In this case, as in others before it, media focus gave undue credibility to unqualified authorities, while legitimate voices, trained in the rigours of Islamic law, were ignored.

Chronic abuse of Islamic terminology can only contribute to the widening gulf between the "West" and the Muslim world. Whereas Muslims attach a rich, historical legacy to words such as fatwa or jihad,current discourse insists on their interpretation on Western terms.

Consider Ken Wiwa's thoughtful essay on the Nigerian strife in these pages. Unfortunately titled "Jihad versus Miss World" -- a play on Benjamin Barber's 1992 essay Jihad vs. McWorld -- the use of "jihad" was meant to capture the anger of Nigeria's Muslims.

As Mr. Barber himself acknowledged, jihad "is a rich word whose generic meaning is 'struggle' -- usually the struggle of the soul to avert evil" and that "strictly applied to religious war, it is used only in reference to battles where the faith is under assault." Ironically, Mr. Barber insisted on using his own interpretation, however inaccurate, arguing, "My use here is rhetorical, but does follow both journalistic practice and history." This approach was echoed in his 2001 essay Ballots vs. Bullets, in which jihad is understood not as part of Islam but as "disintegrative tribalism and reactionary fundamentalism."
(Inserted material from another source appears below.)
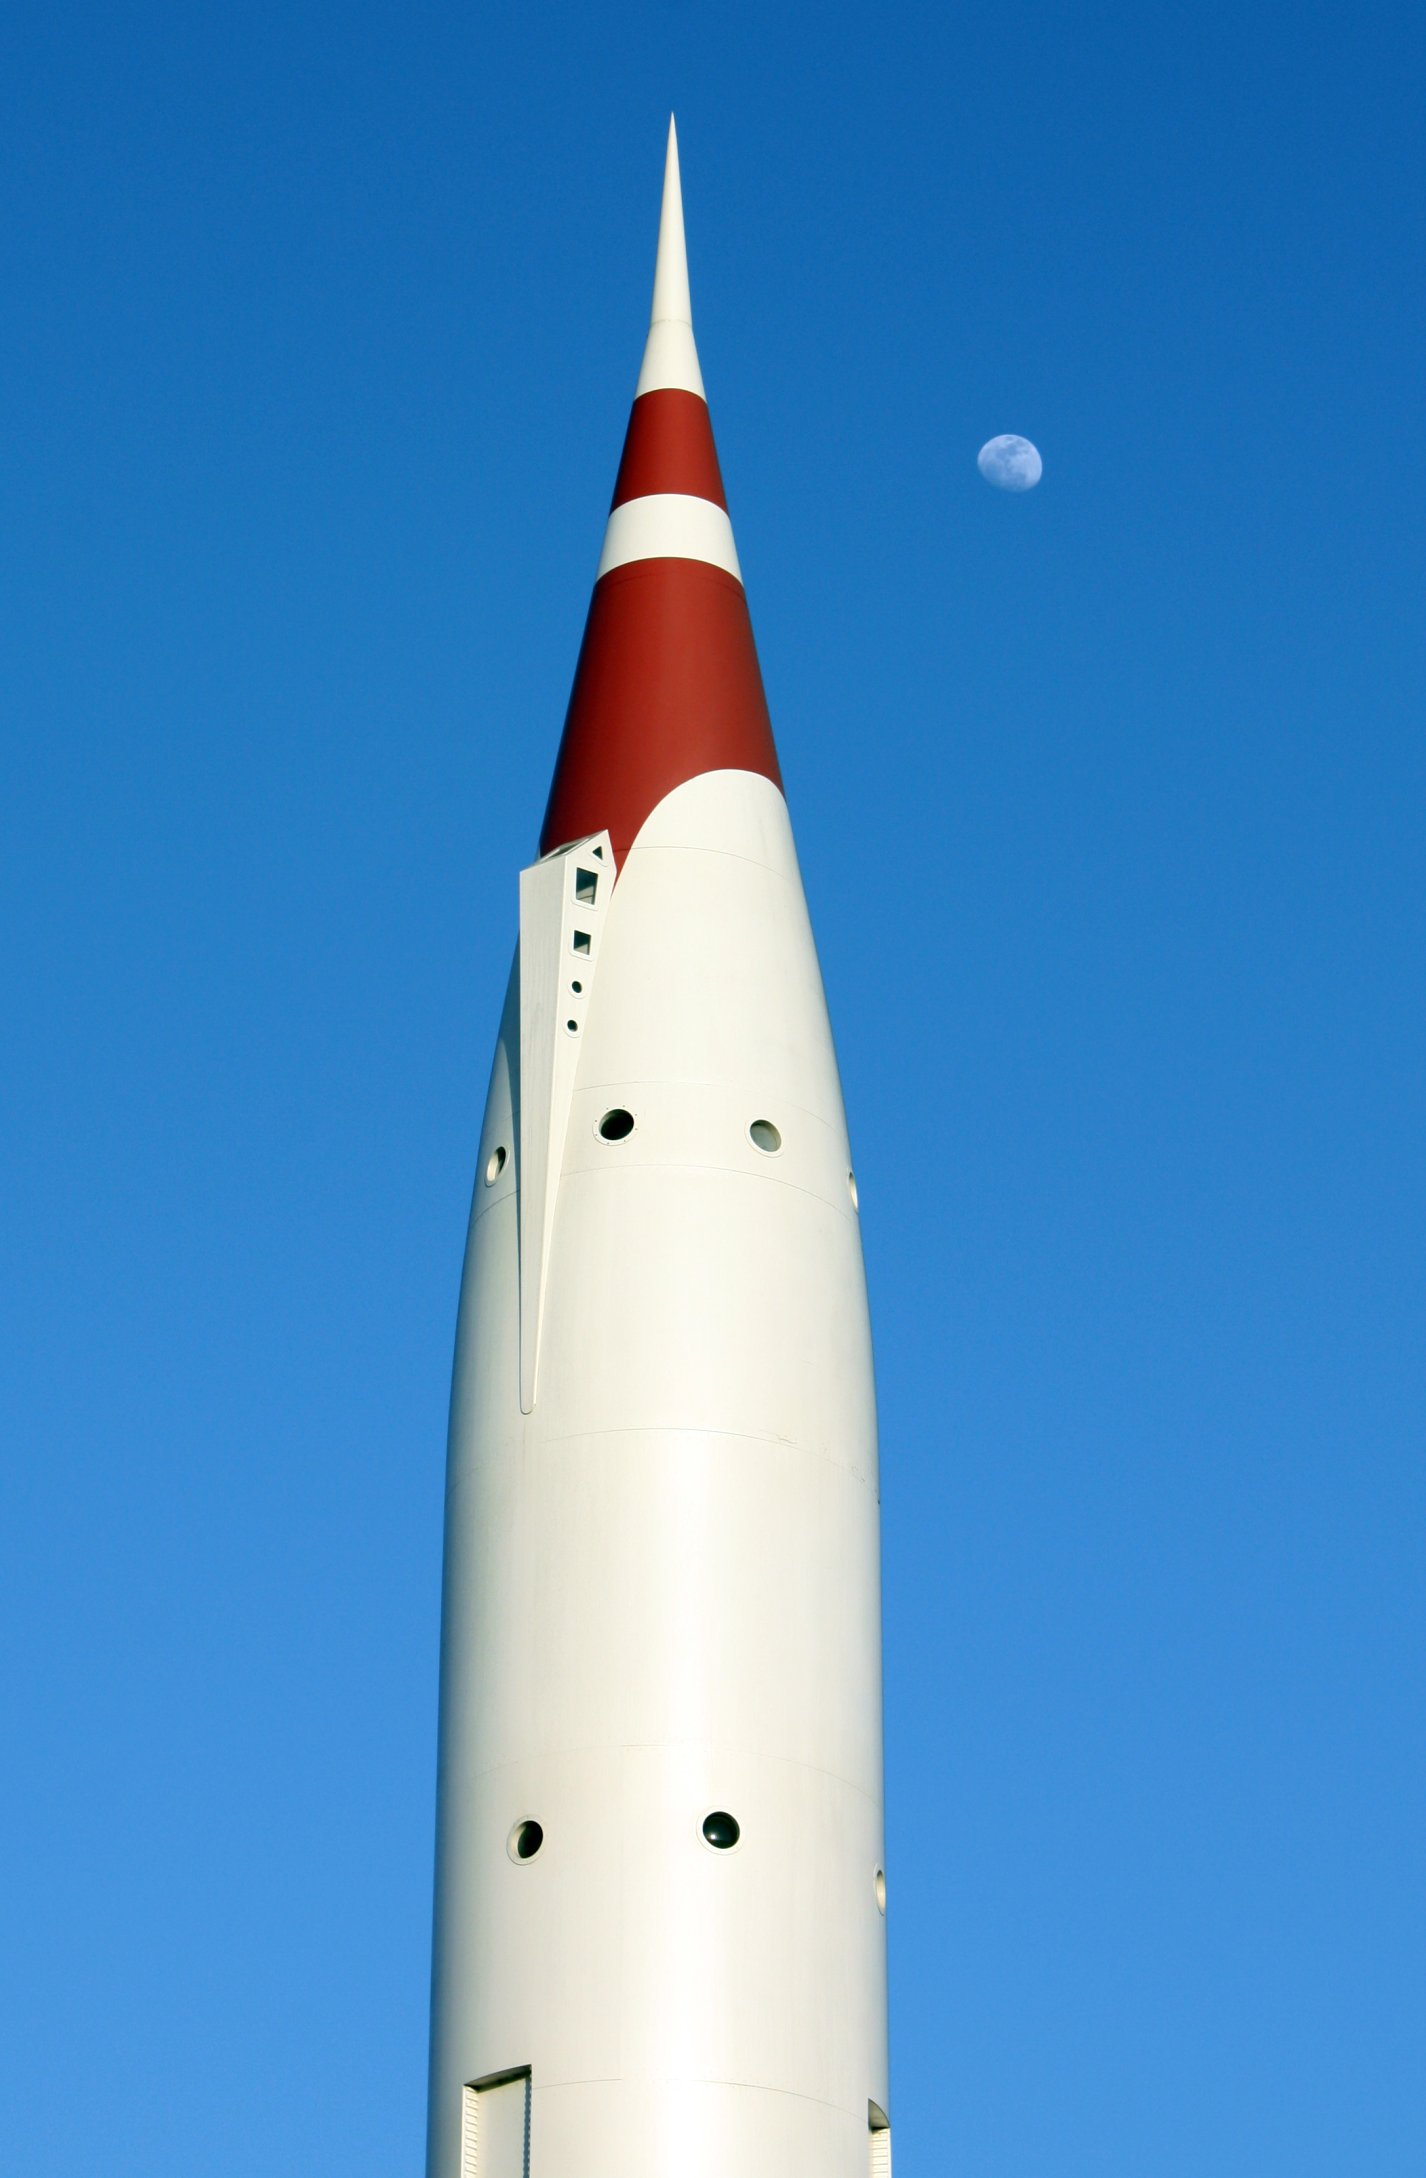 a large white and red jet flying through a blue sky

In 1999, then chief justice Antonio Lamer of the Supreme Court of Canada issued a public rebuke of those demanding more severe sentences and tougher laws for violent crimes, referring to these concerns as a "jihad" against justice, apparently oblivious to his own antonymic use of the term.

But misuse of Islamic terminology is not confined to the West. Osama bin Laden has sanctified mass murder by his use of such terms as fatwa and jihad and by deviously manipulating the rich legacy of these concepts.

Such misappropriation of Islamic terms requires Muslims to step forward and reclaim the authenticity of their own language. The nihilism of Osama bin Laden is not jihad but hirabah,the most loathsome of crimes, in that it involves killing with terrorism and intimidation.

That is how six of the most respected Muslim scholars described the attacks of Sept. 11 in a fatwa: "These terrorists' acts, considered by Islamic law [constitute]the crime of hirabah." And it's how a prominent Islamic jurist described the Bali bombing: "Total barbarism . . . or hirabah; a crime in Islam for which severe punishment is specified."

Ironically, most Islamic scholars say the principal reason for legislating a jihad is in cases of hirabah -- that jihad is meant to be a defence against the senseless harm and targeting of innocents.

This is the language that people in the West should hear more about.

The Koran refers to the power of language: A good word is analogous to a tree, with firm roots in the ground, spreading its branches to the heavens, providing fruit and shelter to many. A harmful word is akin to a sickly plant, with shallow roots, yielding bitter fruit.

We can continue to use superficial, injurious terminology to the detriment of many. Or we can insist on using accurate language, firmly rooted in universal concepts that nourish the desire for fair and frank debate. Sheema Khan is chair of the Council on American-Islamic Relations, Canada.